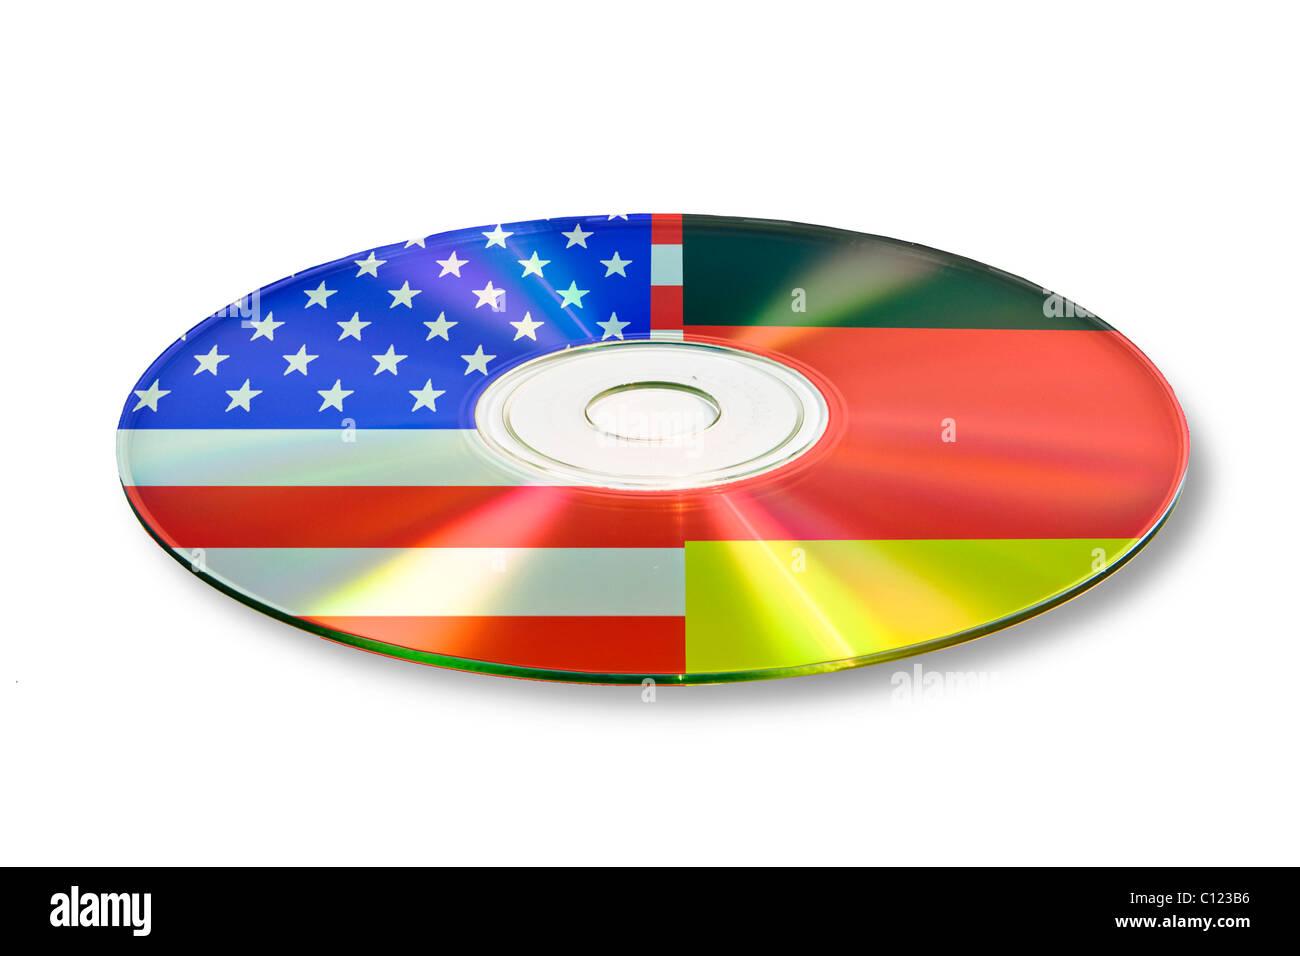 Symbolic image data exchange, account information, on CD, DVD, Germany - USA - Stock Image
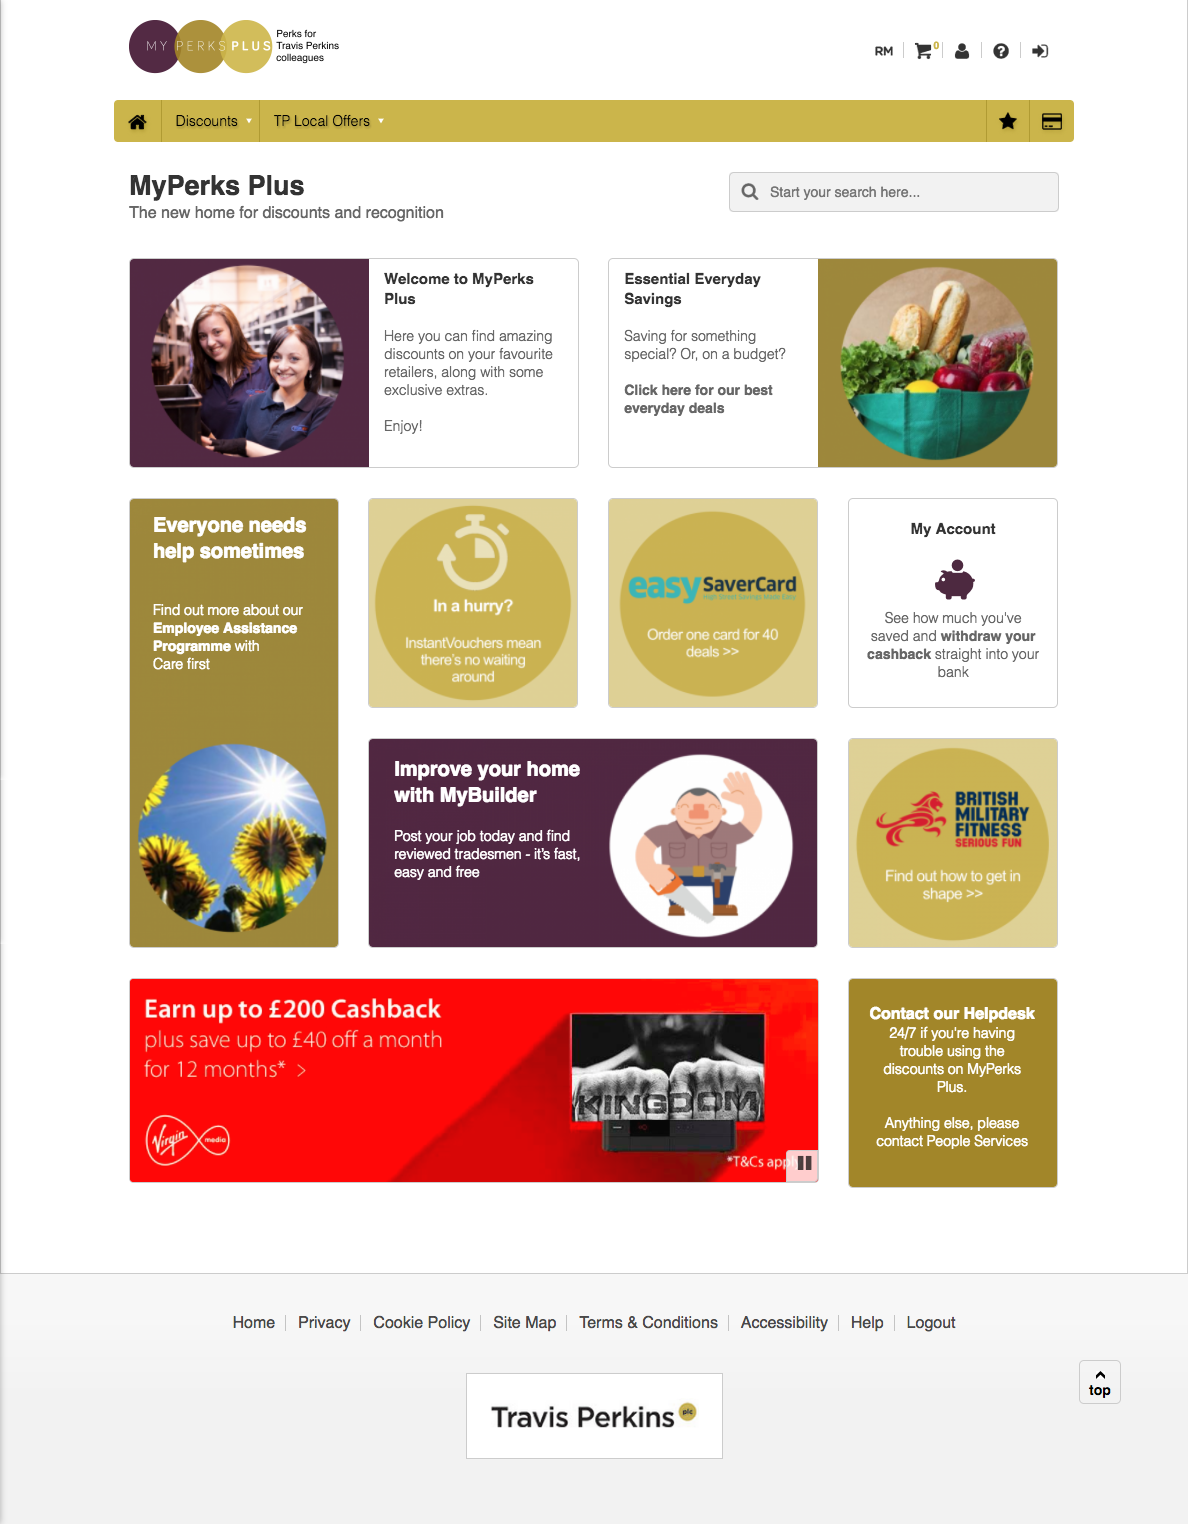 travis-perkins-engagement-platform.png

───

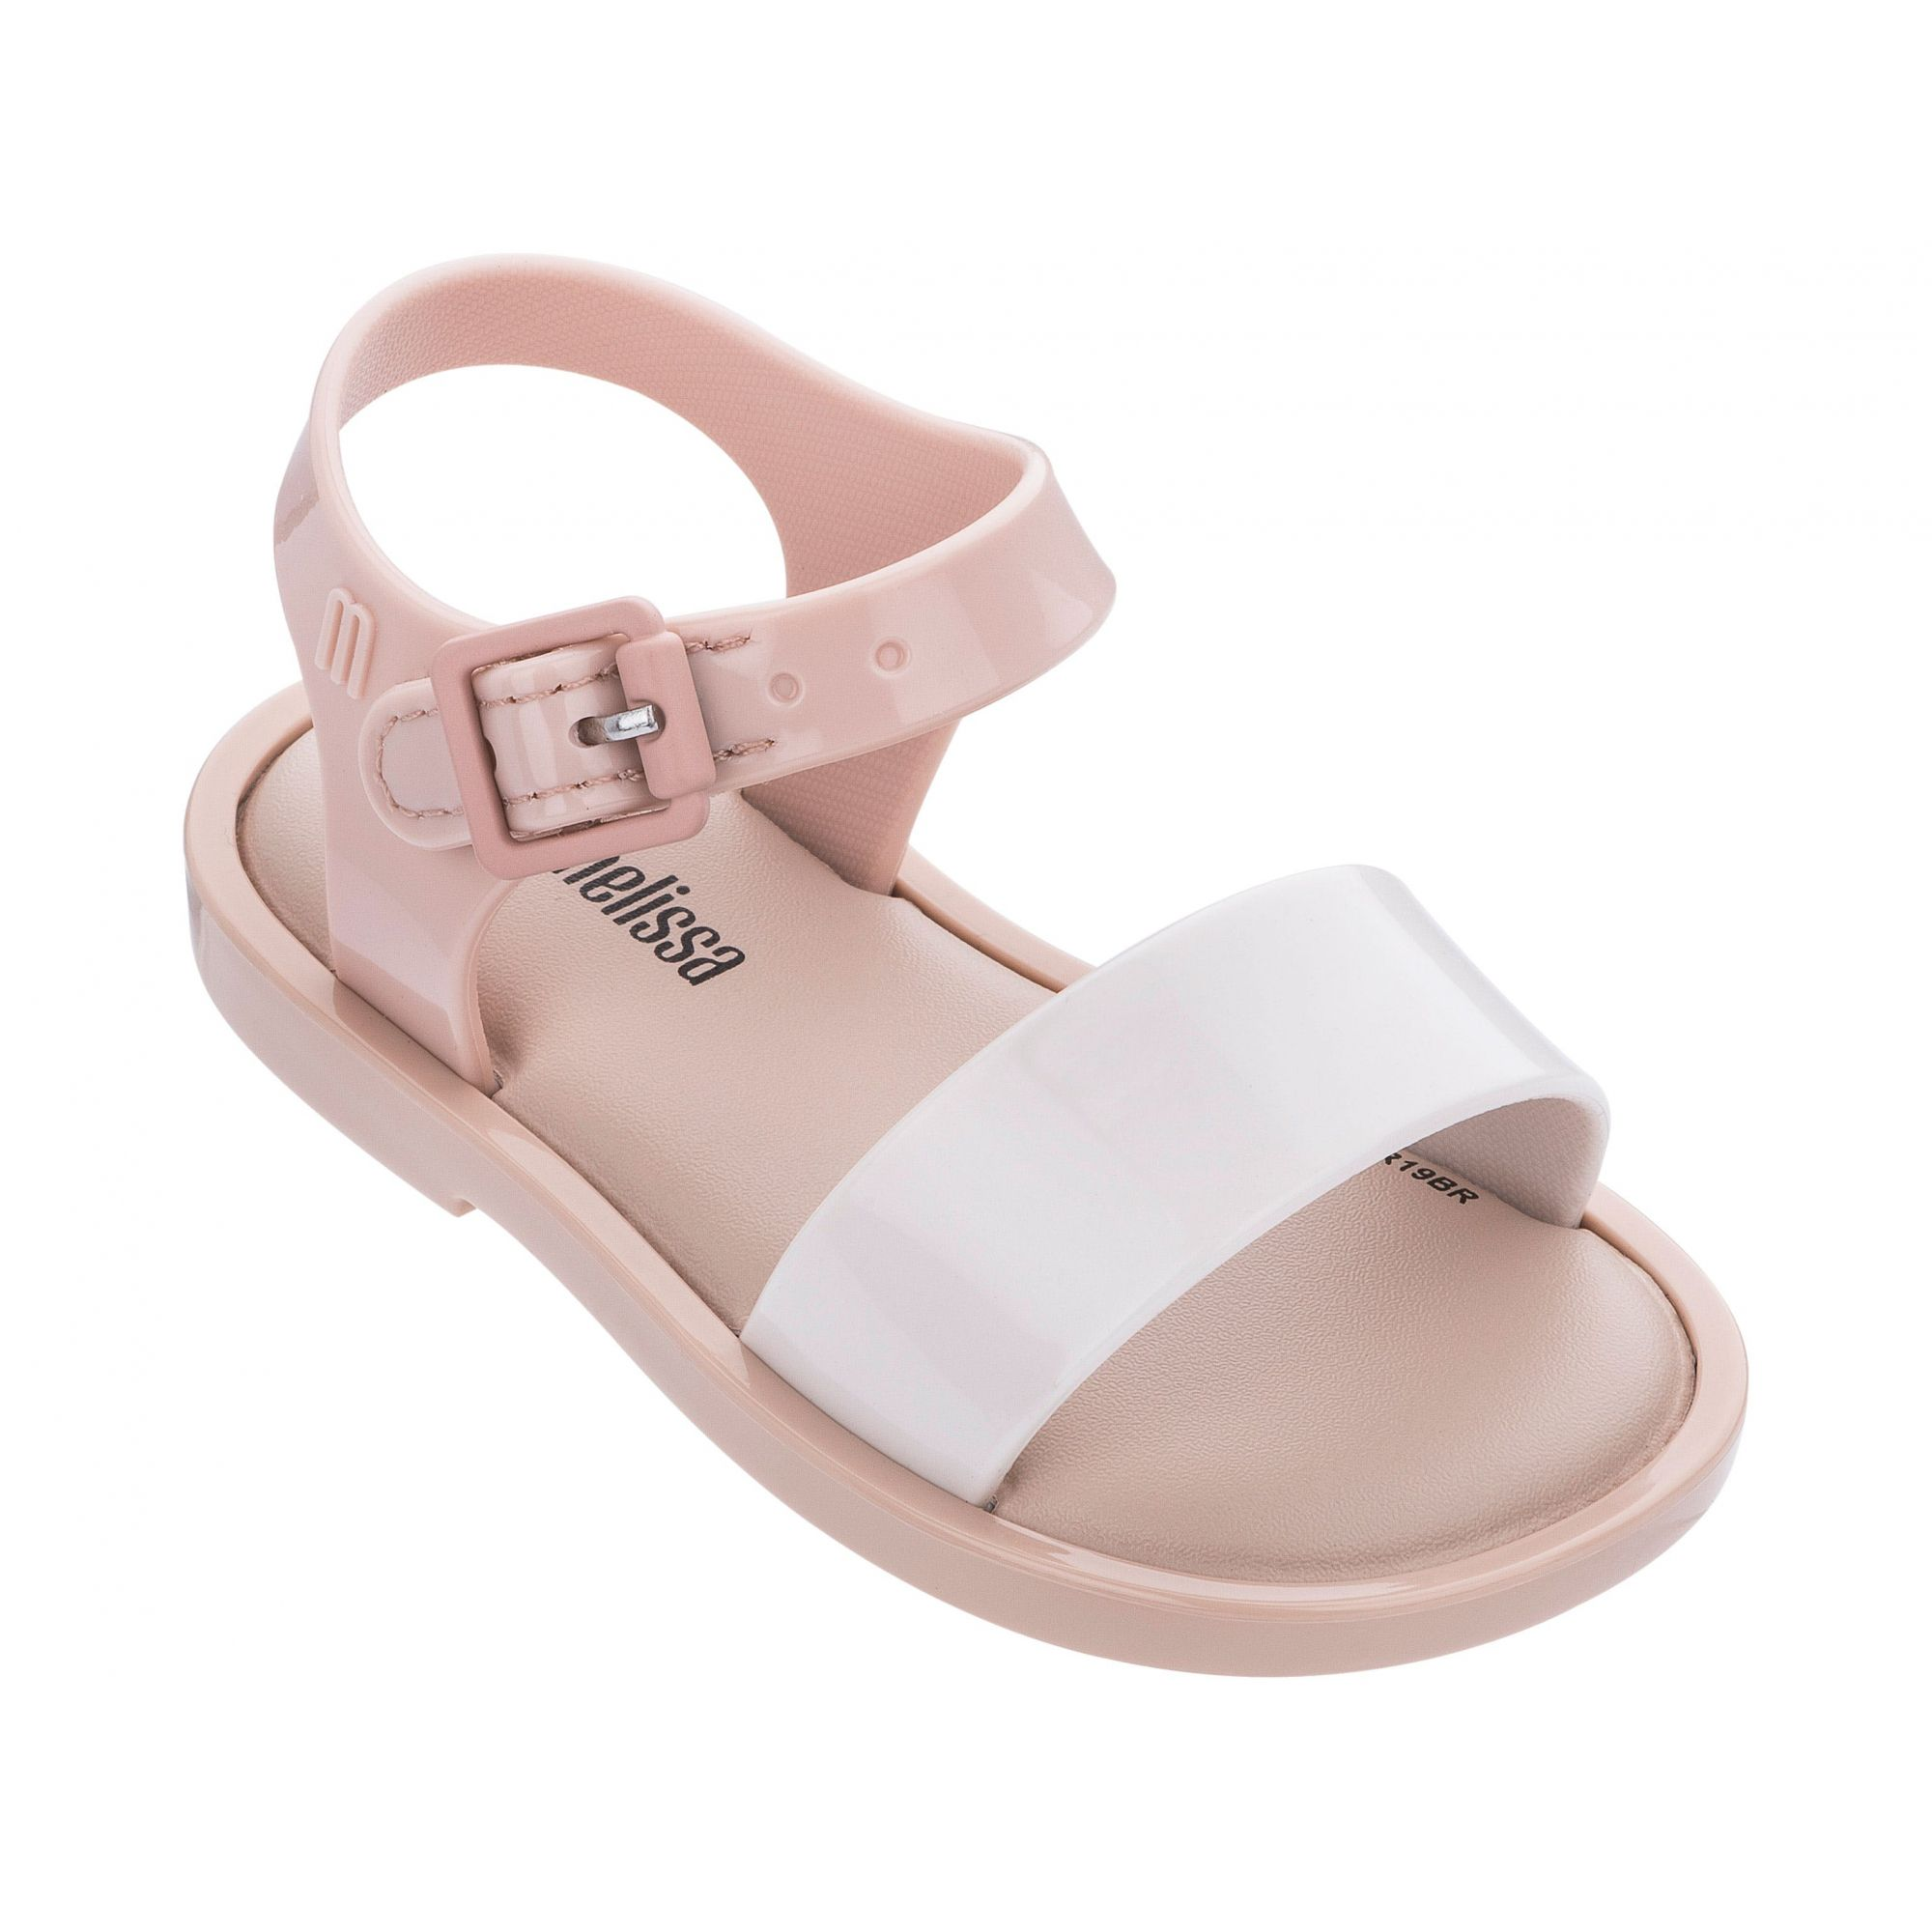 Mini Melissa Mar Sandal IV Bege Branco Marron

───

INSTRUCTIONS FOR THE TASK: What is needed is an exact copy of the lines above, from the one holding "Symbolic image data" down to the one holding "travis-perkins-engagement-platform.png", with those two included and the pictures left out.

FINISHED TASK:
 Symbolic image data exchange, account information, on CD, DVD, Germany - USA - Stock Image
 travis-perkins-engagement-platform.png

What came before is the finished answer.